Dodgers Have a Winning Season Promoting Transportation Options

In 2008, we had to make ## own map## that showed one sad bike parking area. In 2013, both the map, and the actual parking, are much improved.

The irony was obvious.

The only professional sports team named for a mode of transit also played in the most car-dependent stadium in the country. When the Brooklyn Grays changed their name to the Trolley Dodgers, it was a reference to the trolley lines surrounding Ebbets Field. When the Dodgers moved to Los Angeles, the trolleys were already partially gone from city streets and the stadium was surrounded by a sea of asphalt. (Note: there’s a great comment by Militant Angeleno on the history of the trolley lines and the Dodgers name below.)

When Streetsblog arrived in 2008, I was shocked by how bad conditions were. Routes to the stadium completely lacked sidewalks, staff seemed confused when asked about bicycle parking, and the transit options dropped off riders at least a half mile away from the stadium.

Nobody is going to confuse Chavez Ravine with stadiums in San Francisco and Atlanta with large bike valets nor ones in New York or Chicago served by heavy rail; but the 2013 Dodgers are different and better than the 2008 Dodgers in many important ways outside the stadium and away from the parking lot.
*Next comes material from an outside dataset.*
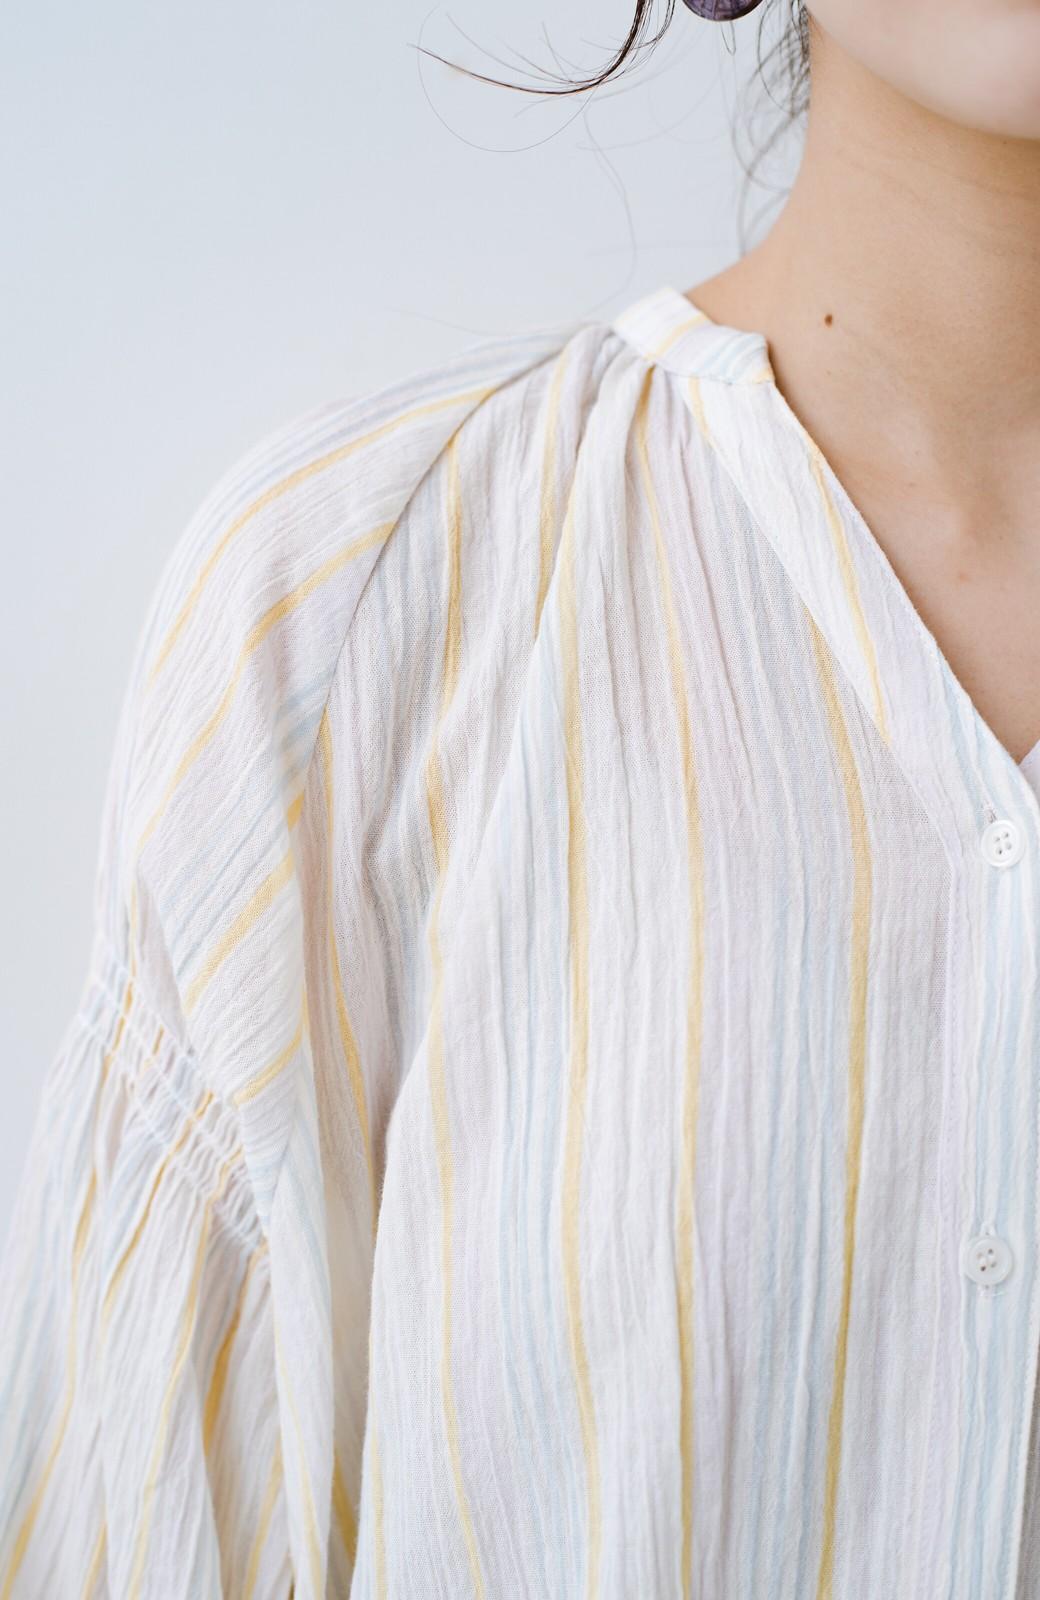 haco! haco! 時間のない朝でも気分の上がる コーデがパッと完成する 羽織にもなるやわらか楊柳素材のストライプワンピース <ホワイト×イエロー>の商品写真9

No matter what happens on the field against the St. Louis Cardinals over the next week, non-car dependent Dodgers fans were big winners this season.
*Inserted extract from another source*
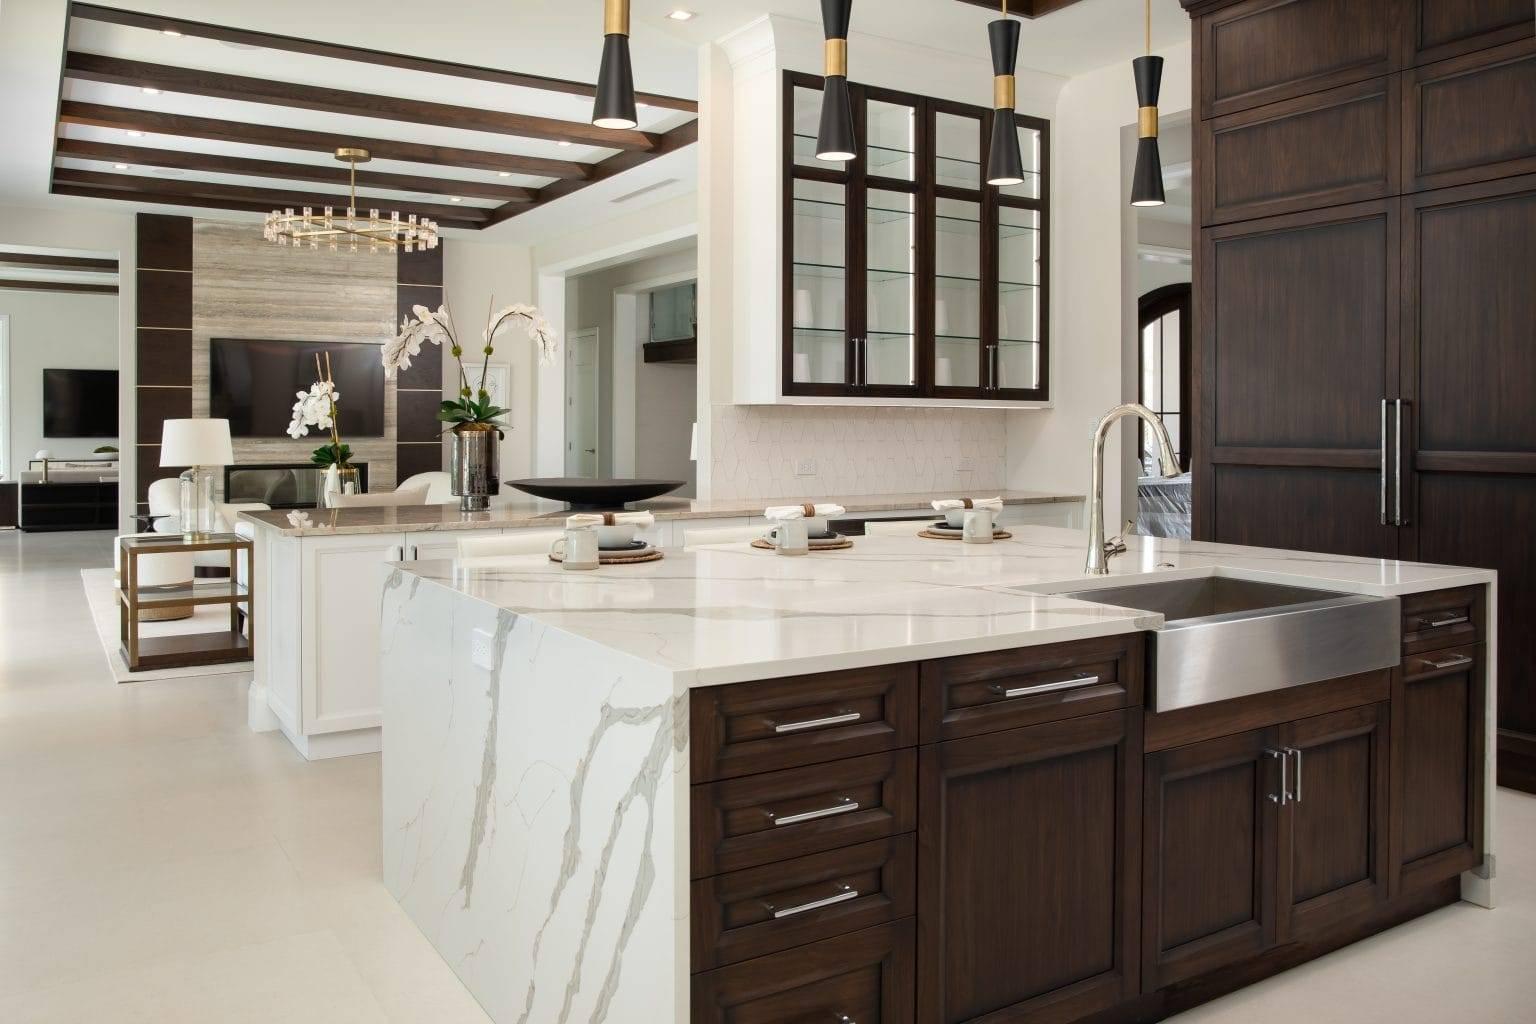 Verona Quartz Island Fire Place 1536x1024, Primestones® Granite, Quartz, Marble

While the recent announcement of free parking for carpools with at least four passengers is encouraging, the biggest improvements came for bus and bike riders seeking access to Dodger Stadium.

Elson Trinidad, a community activist, bike rider, musician and member of the Dodgers citizen advisory committee from 2005-2012 credits the sale of the Dodgers from Frank McCourt to Guggenheim Partners.

“We had a meeting in July 2012 with new President/CEO Stan Kasten, I saw that as an opportunity to give some real input, and I personally gave him some ideas on improving bike and transit access to the stadium…” Trinidad explains. “…among them were a bus-only lane and better bicycle racks placed around the stadium, near gate entrances. Both came to fruition albeit in the limited sense. The bus-only lane I envisioned was inside the parking lot so Dodger Stadium Express buses wouldn’t have to be hampered by the sea of cars leaving the lot. And there are small-capacity “Hoop” style bike racks near some of the entrances now, though I always see them filled to capacity.”

According to the Dodgers press office, racks are available at seven places around the stadium. In 2008, a single bike area existed near the south portion of the stadium where one could chain their bike on security gates that also served as the smoking area. Security were untrained on the location of the racks and the only map that existed was made by Streetsblog.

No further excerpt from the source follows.